У березы новость – не один я сладко жить хочу – муравьи полезли пить сок в банке на дармовщинку и в нем утонули. Жалко трудяг. Выплескал их щепочкой на траву на пригорке. Отпил глоток, долго держал во рту, согревал. Проглотил. Очень все внутри откликается. Это же с детства, это же навсегда.

Сок уже не каплет, утром, если доживу, надо принести какую-то емкость побольше. К приезду батюшки дары природы.

Вернулся в дом. Перед выходом на улицу в нем согрелся, но потом у костра с одной стороны жарко, с другой холодит. А у березы совсем просквозило. Насморк, конечно. Да уж хотя бы сопли текли, сопливый был бы Робинзон – нет, просто носом не могу дышать. И опять кашель.

К ночи кружится голова.

«Господи, на всякий день, на всякий час дня наставь и поддержи меня».

Слабость повалила. Лежал, и вдруг пригрезилось, что меня пришли убивать. «Дайте помолиться. И за вас тоже буду молиться». И молился, и они встали рядом на колени. И мы обнялись. Но у них задание. Вот такой у меня юмор, такая хвантазия.

Интересно, что перед отъездом виделся с другом. Он болеет, но все равно шутит: «А если б к утру умереть, то лучше было бы еще». Как он там? И другого почему-то спросил по телефону: «Тебе хотелось умереть?» В ответ прозвучало:«Еще бы! Непрерывно!» Так что я не одинок.

Нет, одинок. Умирают в одиночку. Даже в толпе. Даже при расстреле. И на Страшный суд идут не в коллективе.

Ой, надо же печку топить. Надо. Хорошо, уже дрова есть. Выгреб золу, высыпал в ведро. Подумал, надо было золу сохранить, под посаженные осенью дубочки высыпать. Смешно, этой золы от костра будут мешки.

Топится печь. А треска не слышу. А ведь в первый раз, когда затопил, слышал. Глохну, глохну.
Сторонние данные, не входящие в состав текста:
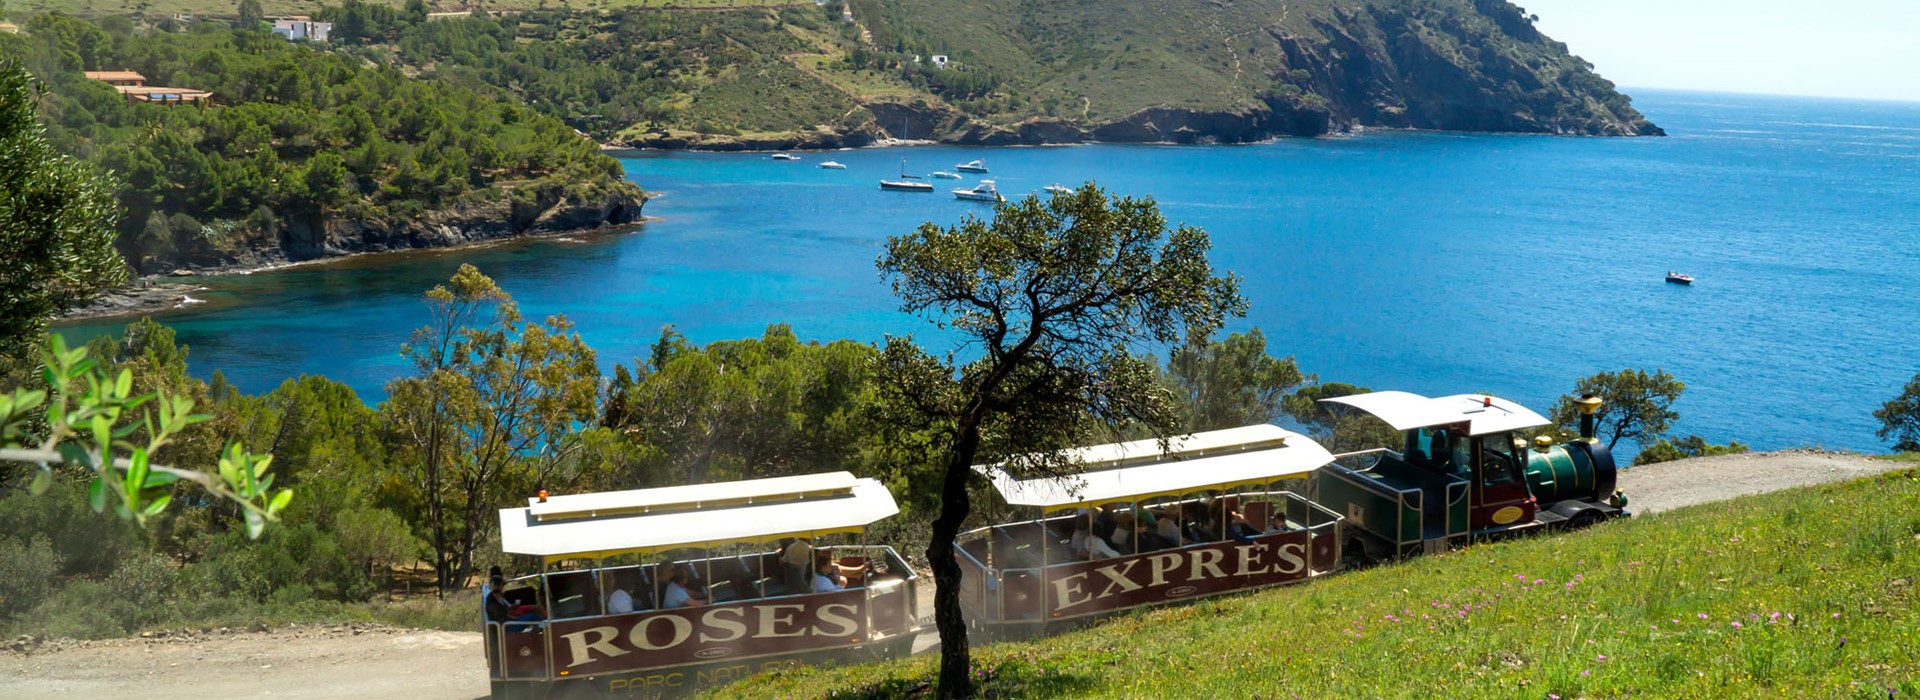 tourhub | Newmarket Holidays | Little Trains of the Pyrenees 7nts

И принимаю как будто так и надо. Течет струйка из рукомойника в тишине. А ведь звонко барабанила по металлу раковины.

Еще новость – ступня правая немеет. И пальцы левой. Хорошее дело, как же ходить?
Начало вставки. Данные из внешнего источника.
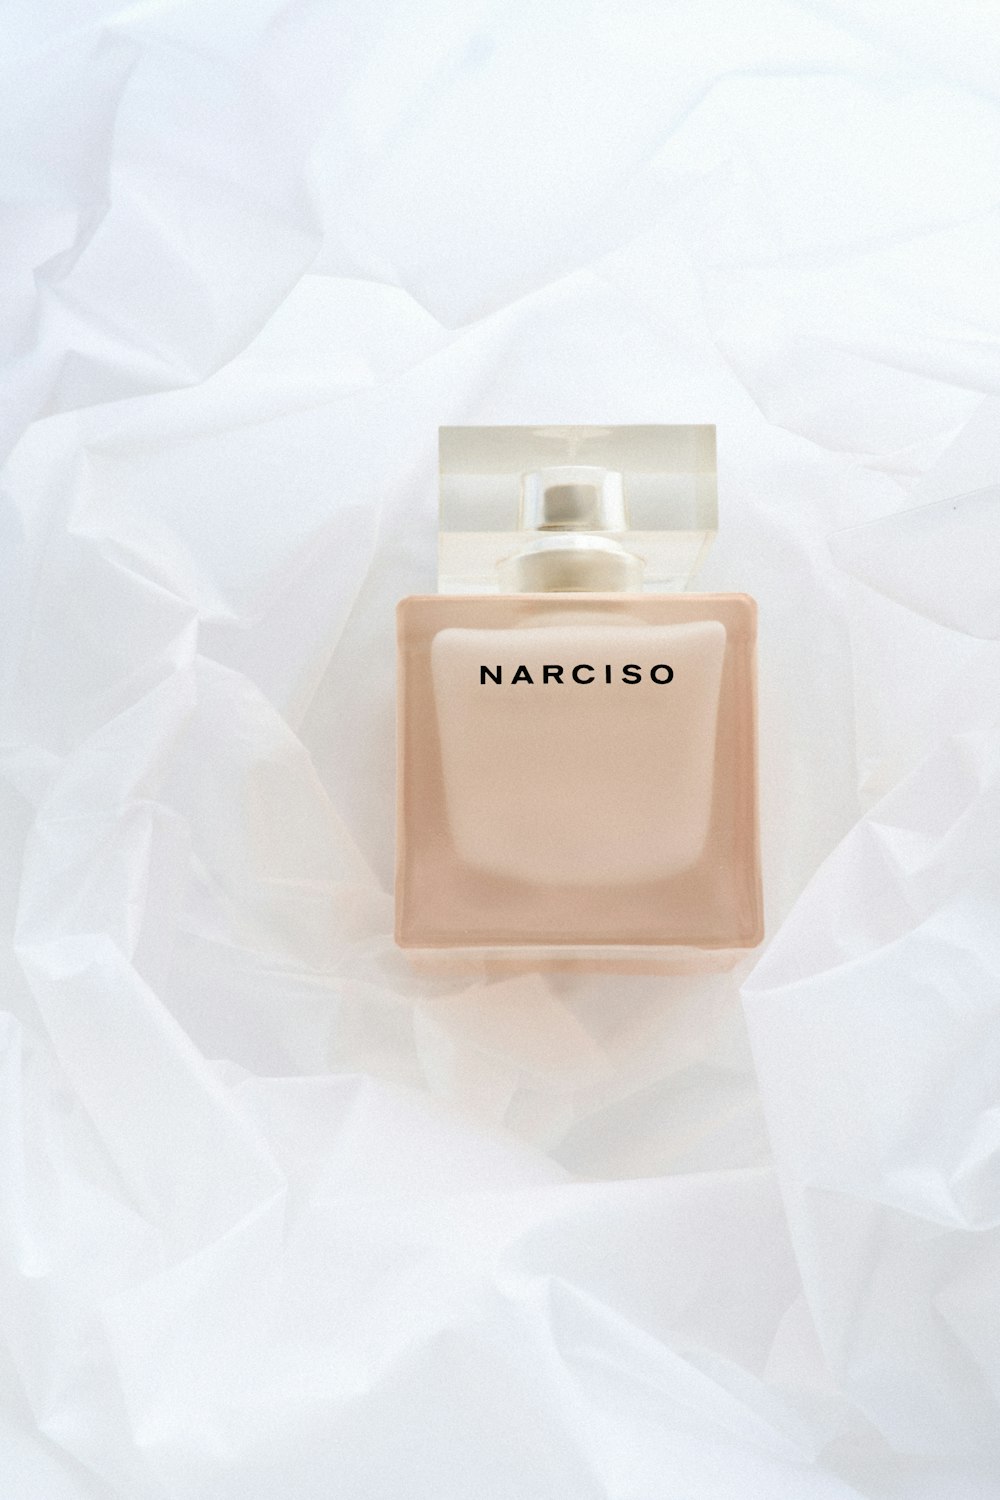 a bottle of narcicoo on a white sheet

Перестрадал ночь. Задыхался. Боялся закрыть печку, угара боялся (в скобках: значит, жить хочу). Тепло высвистало в трубу. Встать и среди ночи опять затопить не смог. Да и не мечтал. Какое-то равнодушие, хриплое дыхание, кашель. Пил много слабого, теплого чая, вроде помогает.

Утром разбирал свою сумку. Привез из Москвы лоскутную скатерочку. Очень искусна. С блестками, в лоскутках. Утром расстелил. Положил на нее Евангелие и Псалтирь. Красиво. Сколько же еще будут глаза мои отдыхать? Очки мои, за что покинули меня?

Топил печку, разогрел картофельно-луковый суп, дышал опять над ним. Вроде нос оживает. Чувствую, что и сам оживаю. Это молитвы, и сок березовый, и картофельная похлебка.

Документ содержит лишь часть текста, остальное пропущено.